#### Dataset extract ####
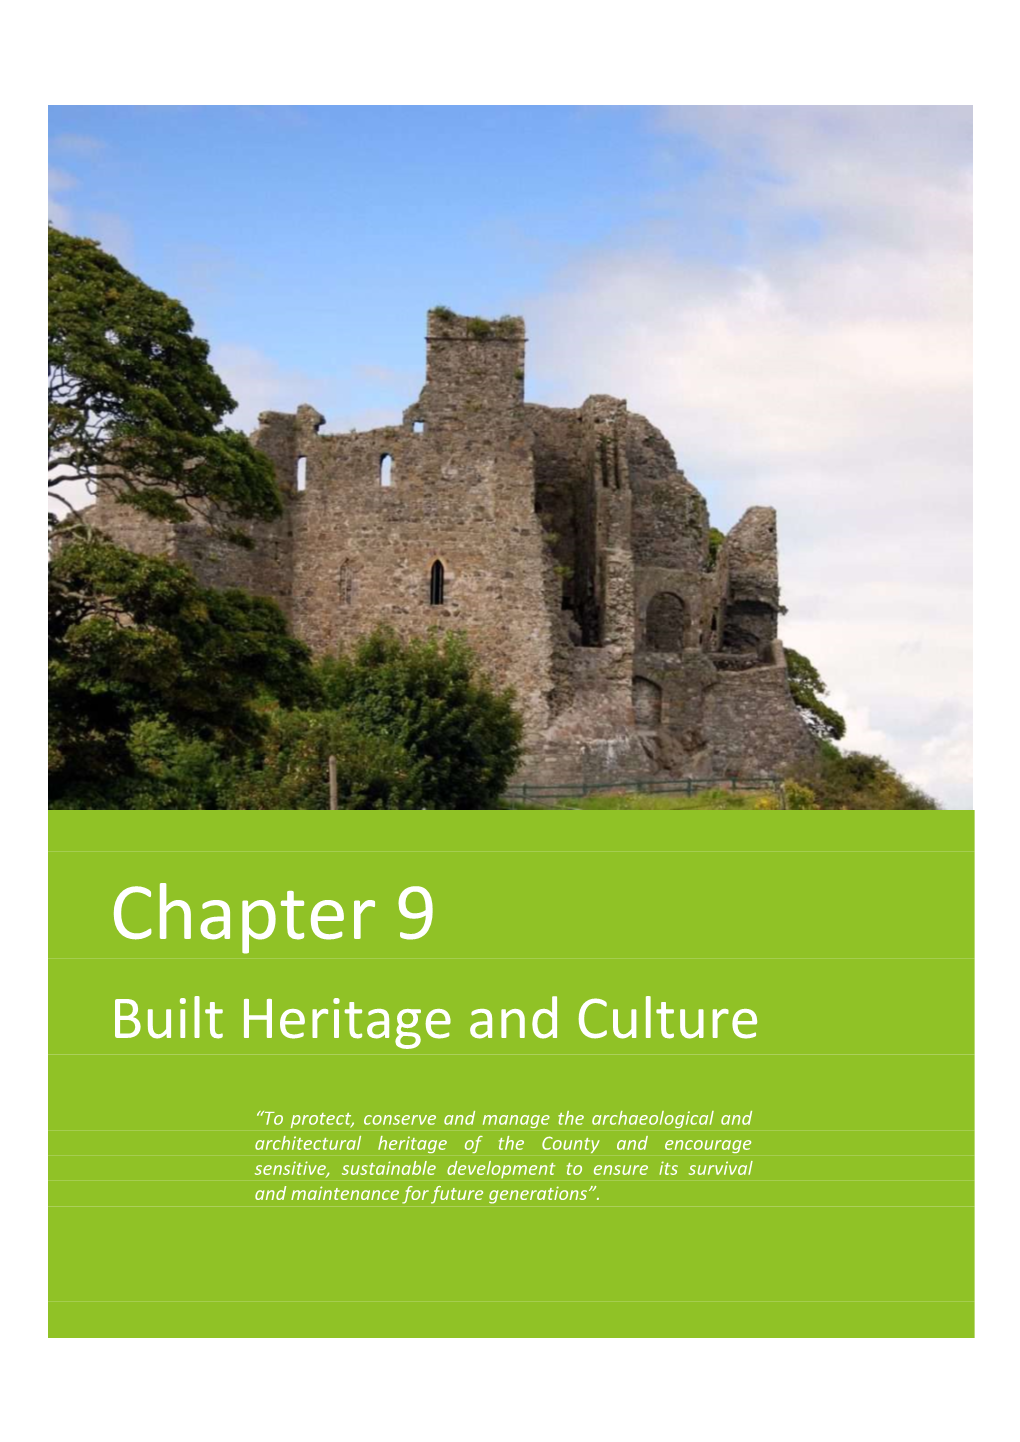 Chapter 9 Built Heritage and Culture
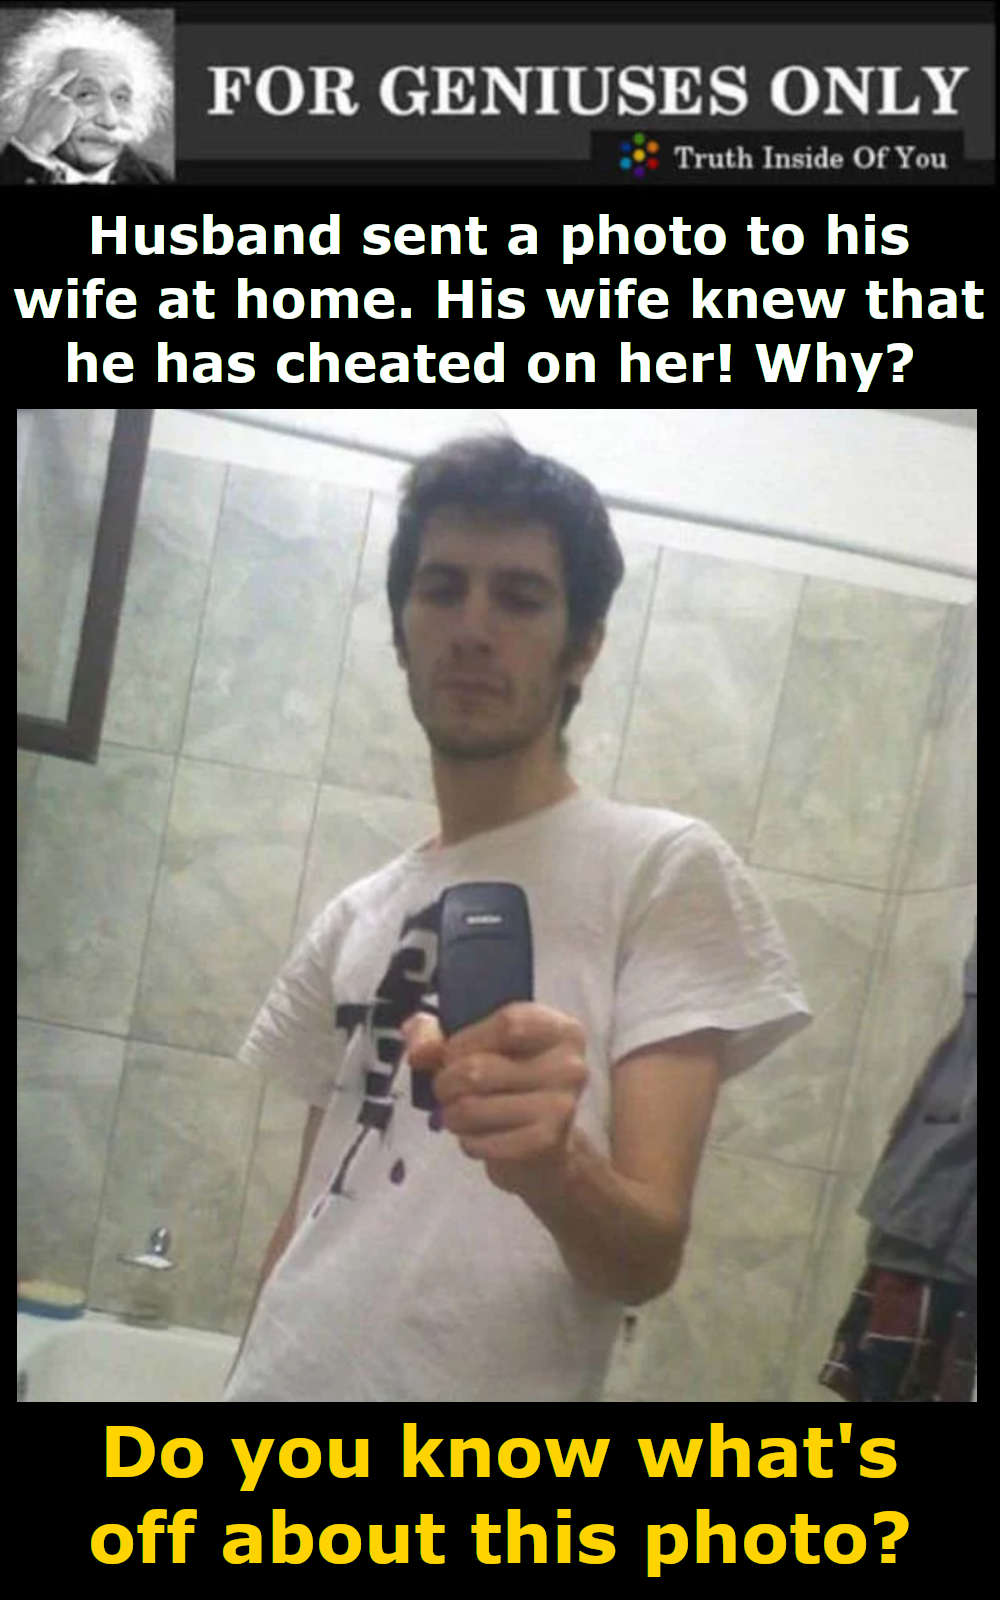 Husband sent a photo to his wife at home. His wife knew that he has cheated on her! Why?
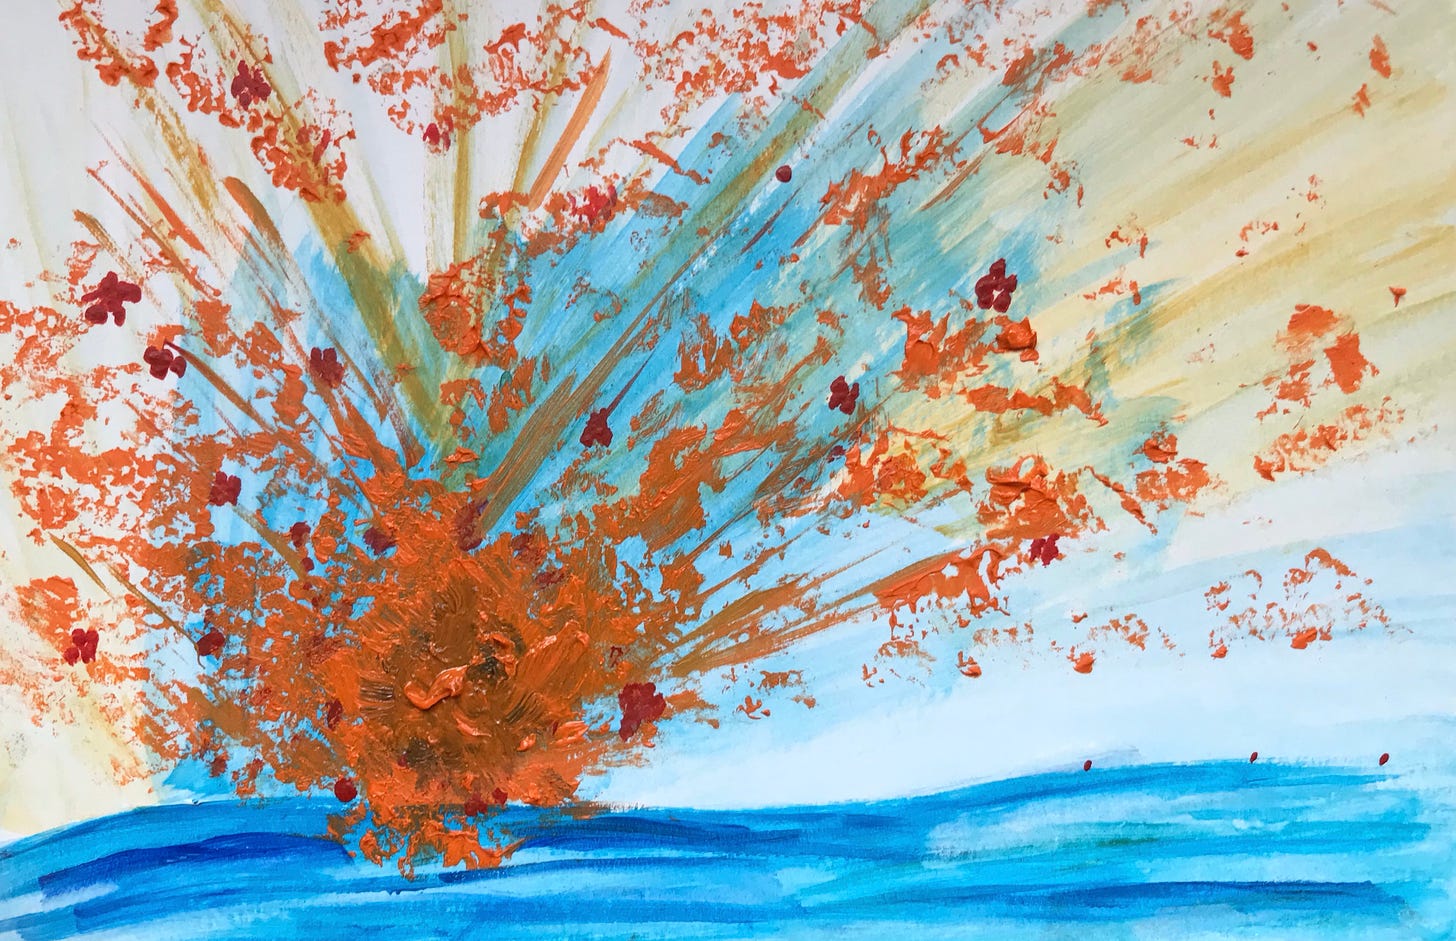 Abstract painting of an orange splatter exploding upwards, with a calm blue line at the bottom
####
#### Dataset extract ####
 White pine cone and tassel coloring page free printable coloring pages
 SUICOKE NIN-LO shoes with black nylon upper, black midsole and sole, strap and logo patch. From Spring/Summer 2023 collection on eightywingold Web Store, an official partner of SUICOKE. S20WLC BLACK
####
#### Dataset extract ####
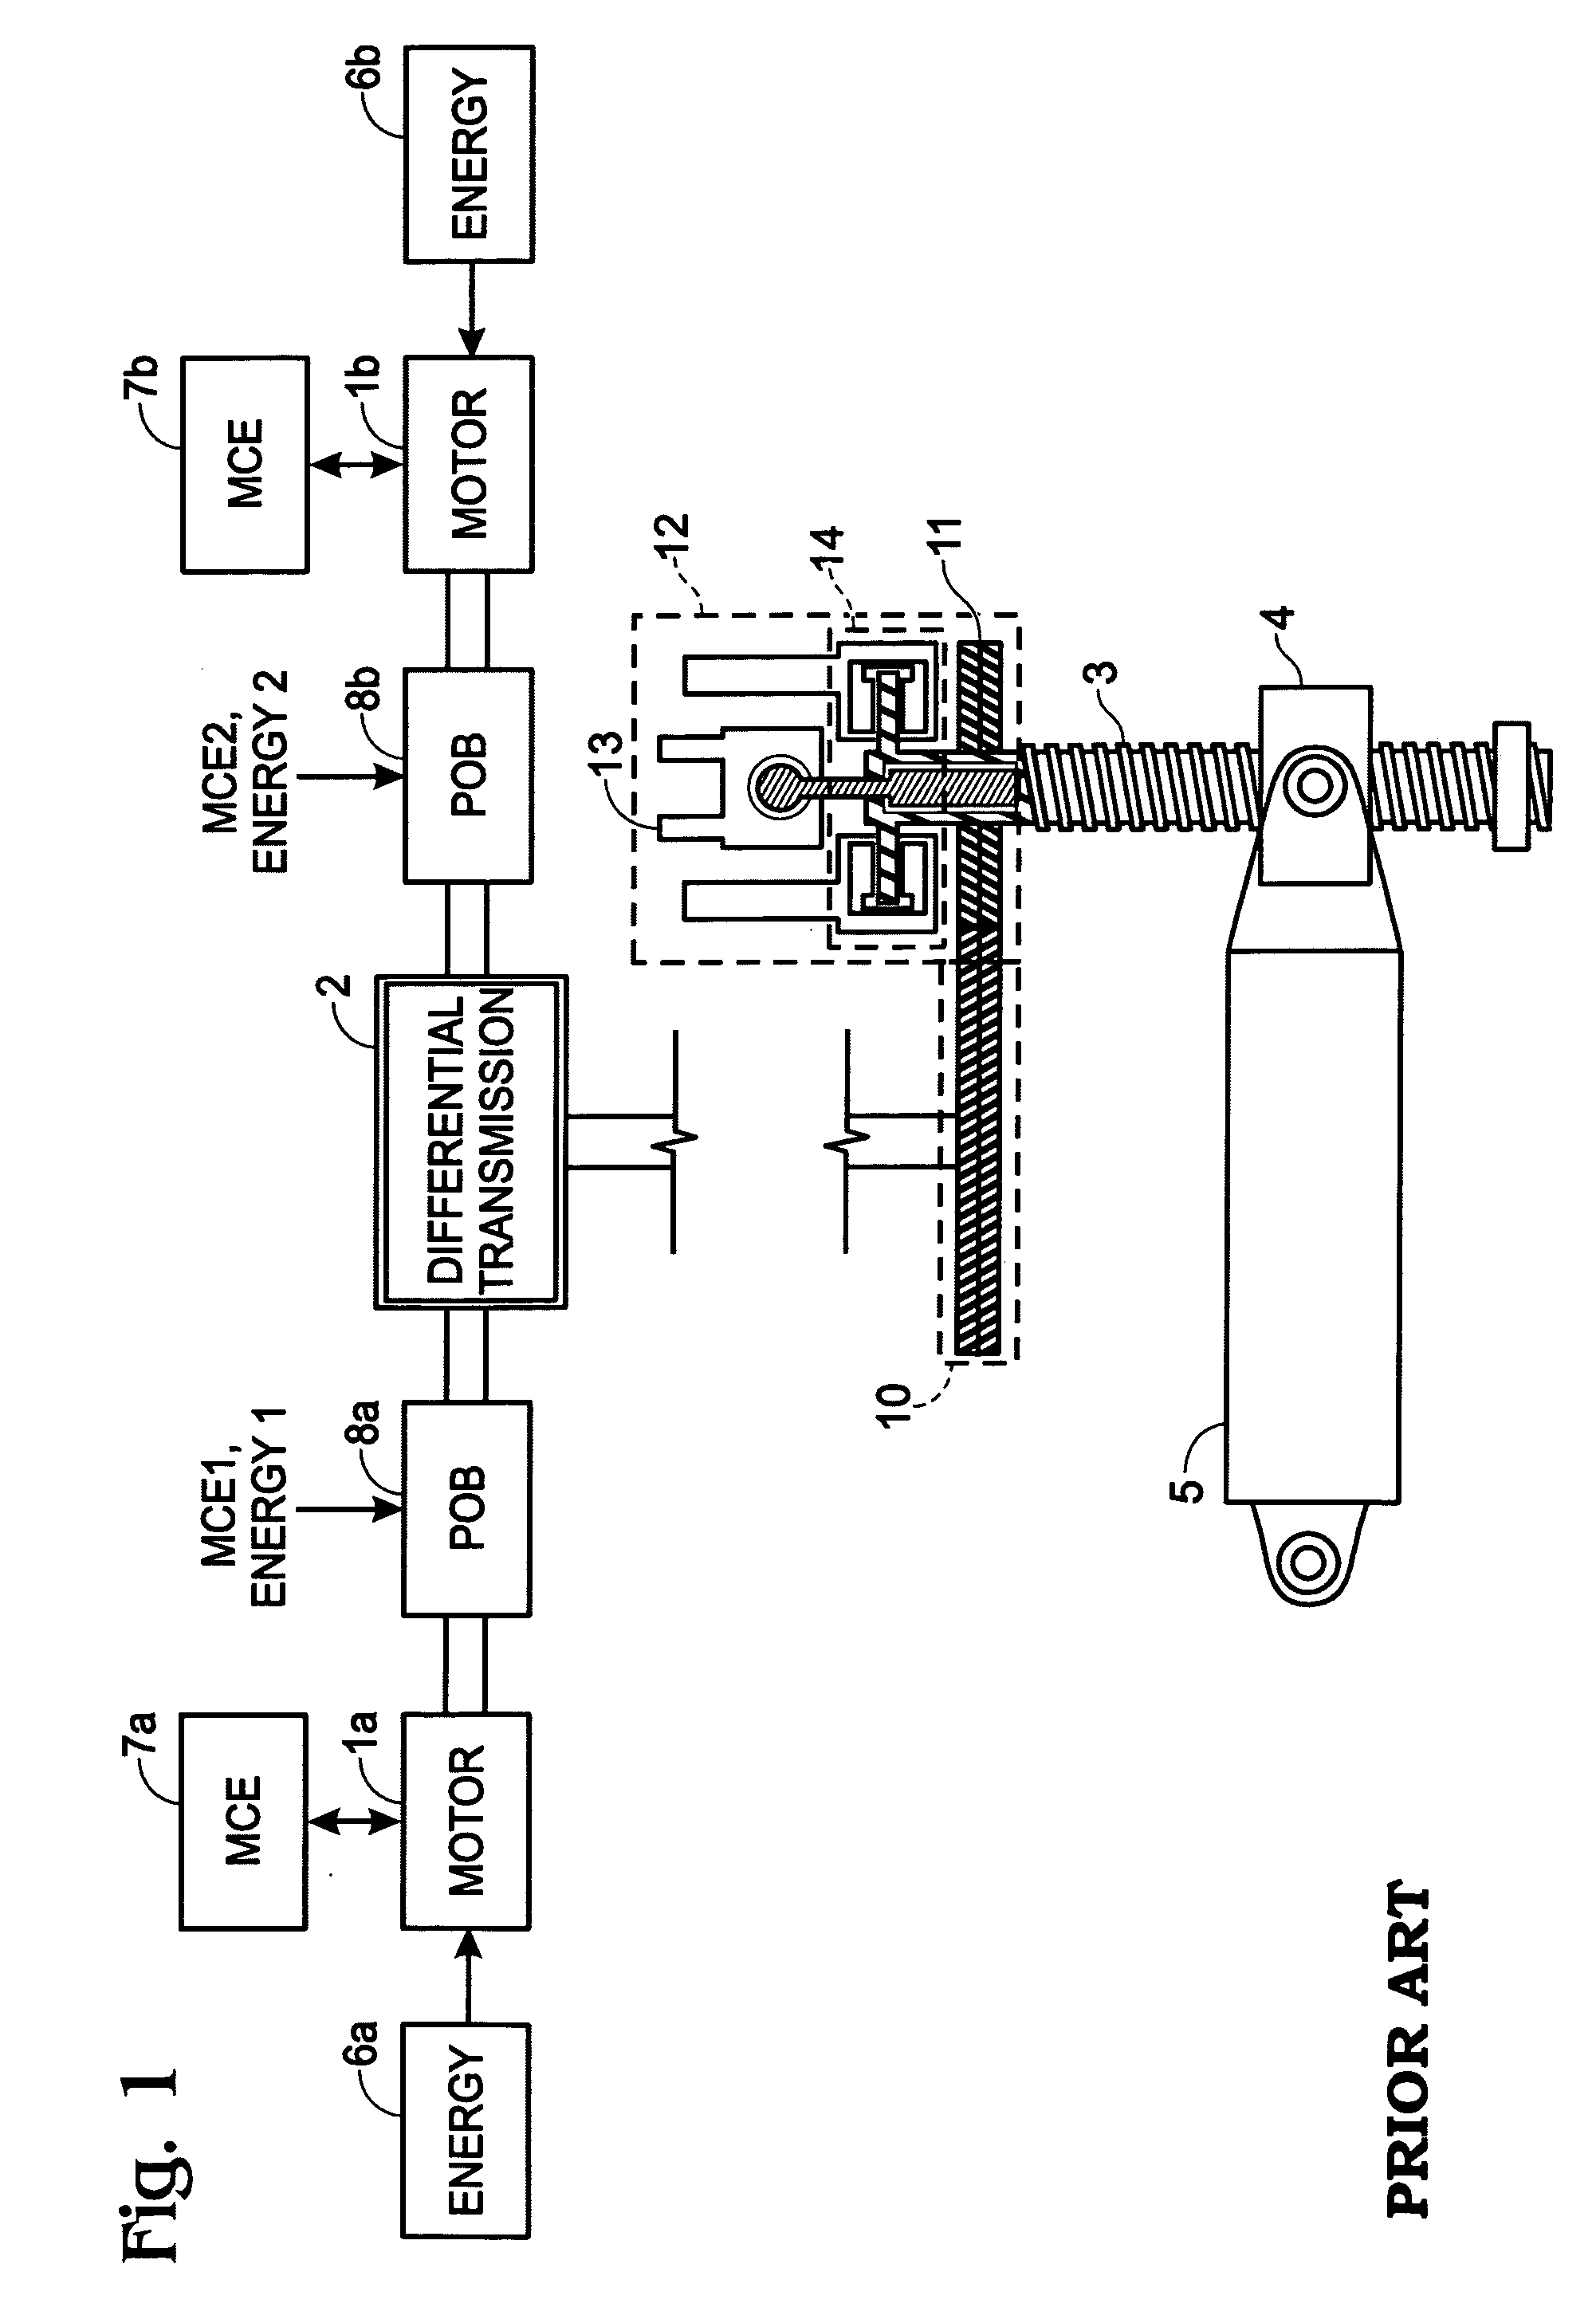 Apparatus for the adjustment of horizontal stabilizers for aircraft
####
◆ Task goal:
Range to copy from the listing above: the line with "Chapter 9 Built Heritage and Culture" through the line with "Abstract painting of". Transcribe it exactly and skip the pictures.

◆ Exercise output:
 Chapter 9 Built Heritage and Culture
 Husband sent a photo to his wife at home. His wife knew that he has cheated on her! Why?
 Abstract painting of an orange splatter exploding upwards, with a calm blue line at the bottom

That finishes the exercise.